Windows 10 on ARM: Here's what you'll be missing


Windows 10 on ARM is a very interesting proposition for road warriors. You get the benefits of a full-featured operating system in a package that rivals the battery life and connectivity options of a mobile device. What's not to like?

While on paper it may sound like it offers the best of both worlds, Windows 10 on ARM is not perfect -- at least not yet -- as Microsoft's own documentation raises some serious questions surrounding its usability and compatibility.


The problems stem from the use of the ARM architecture, which is different to the x86 platform the standard versions of Windows are designed for. Microsoft notes that x64 applications, which wouldn't normally pose any problems on typical Windows hardware, will not work on Windows 10 on ARM.

Developers who are in this situation will have to "submit an ARM version" of their app to the Microsoft Store, if they target the built-in app store. It is not clear how big of a challenge that is, but given that we are talking about UWP (Universal Windows Platform) here it should not be a complicated process.

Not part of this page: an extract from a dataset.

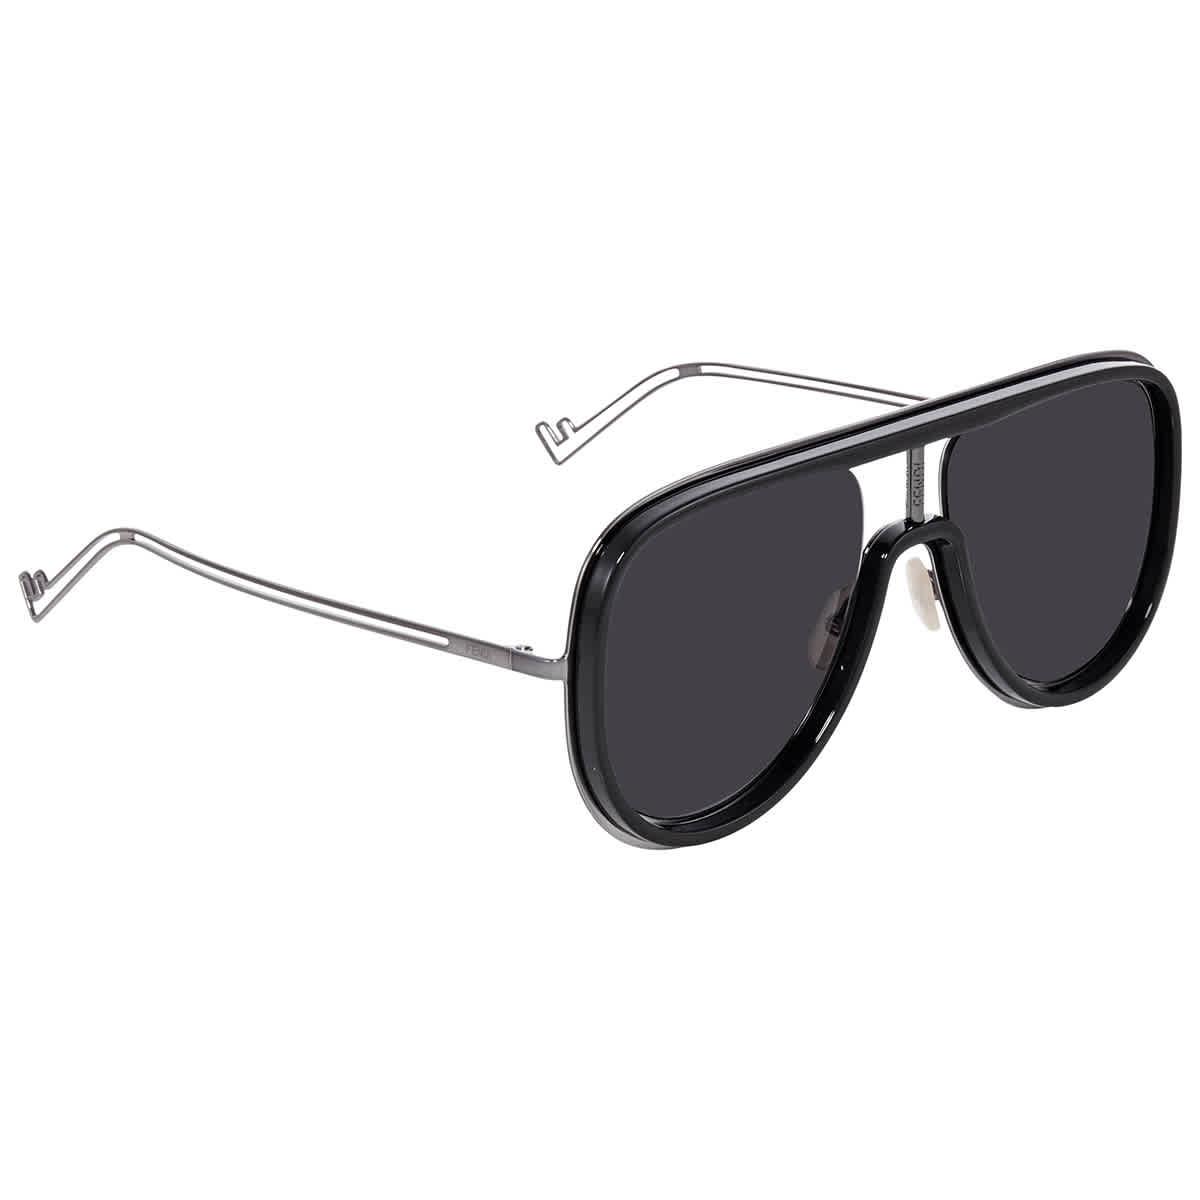 Fendi Grey Mens Sunglasses Ff M0068/s Ans 57 In Black,grey

However, developers that have desktop x64 apps will have to offer the x86 version instead to Windows on ARM users. Granted, there are not many situations where only one is available, but it is an inconvenience nonetheless. Users who are expecting to get the same apps will have to research what works and what doesn't.

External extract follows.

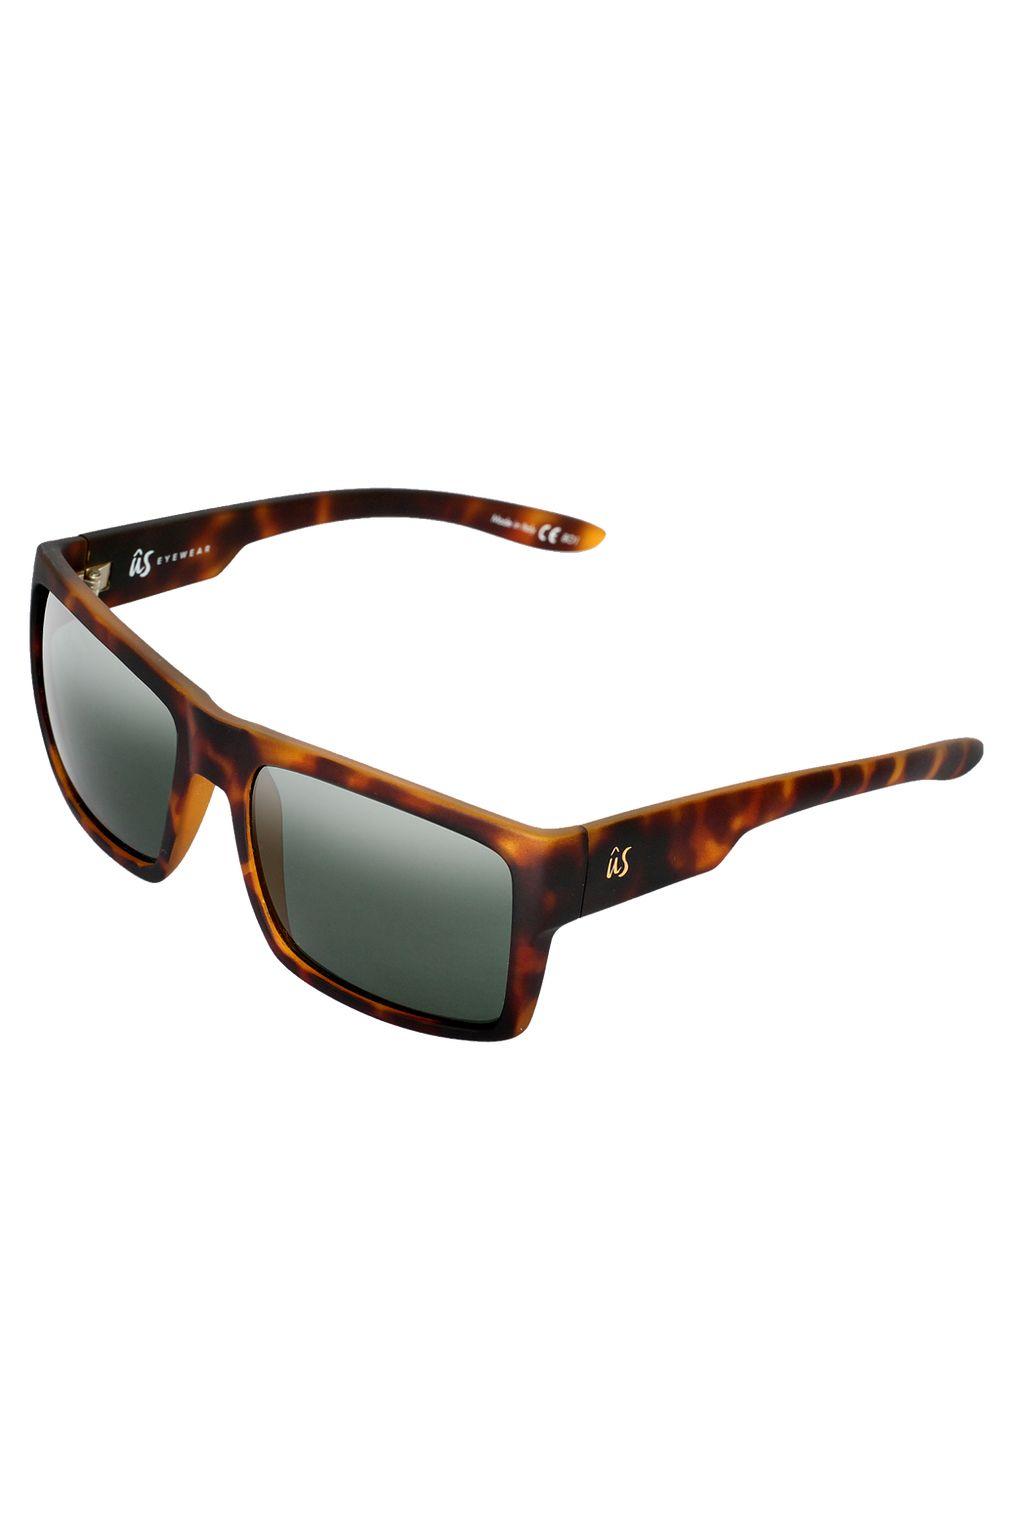 US Sunglasses HELIOS Matte Tort/Vintage Grey

What appears to be a bit more challenging is the fact that apps based on OpenGL 1.1 or later or apps that require hardware-accelerated OpenGL are not supported. Microsoft recommends developers switch to the DirectX mode of the app, which sounds like a more involving process just to support an as-yet unproven architecture in the Windows ecosystem.

Microsoft also notes that drivers will have to be recompiled to support the ARM architecture, which, again, can be a problem for users, depending on the sort of devices that they want to use. Since the operating system is so new (as far as I know, no such device has hit store shelves yet), the compatibility issues will likely be revealed only after users get the devices.

The Register discovered an older version of this troubleshooting guide, which plainly says that some games will not work (that's the OpenGL problem mentioned above), apps that customize the Windows experience may not work correctly, apps that assume the ARM-based device is running Windows 10 Mobile may not work correctly either, virtualization is out of the question using Hyper-V, x64 apps are excluded as well, and that only ARM drivers are supported by the platform.

That's a different tune to what Microsoft is saying now, which, most likely, was changed so that it makes Windows 10 ARM sound a bit less problematic than it is. For developers the new operating system can be both an opportunity and a headache, as they may be able to increase their reach by releasing compatible apps before their competitors, but, on the other hand, the effort of doing so may not be warranted, all things considered.

Meanwhile, for consumers, it is difficult to understand just how well Windows 10 on ARM can work at this stage. Yes, there are compatibility and usability issues, but there is also the matter of performance, which, right now, is a major unknown. Initial benchmarks don't paint a nice picture, but perhaps things will improve by the time these devices hit the market.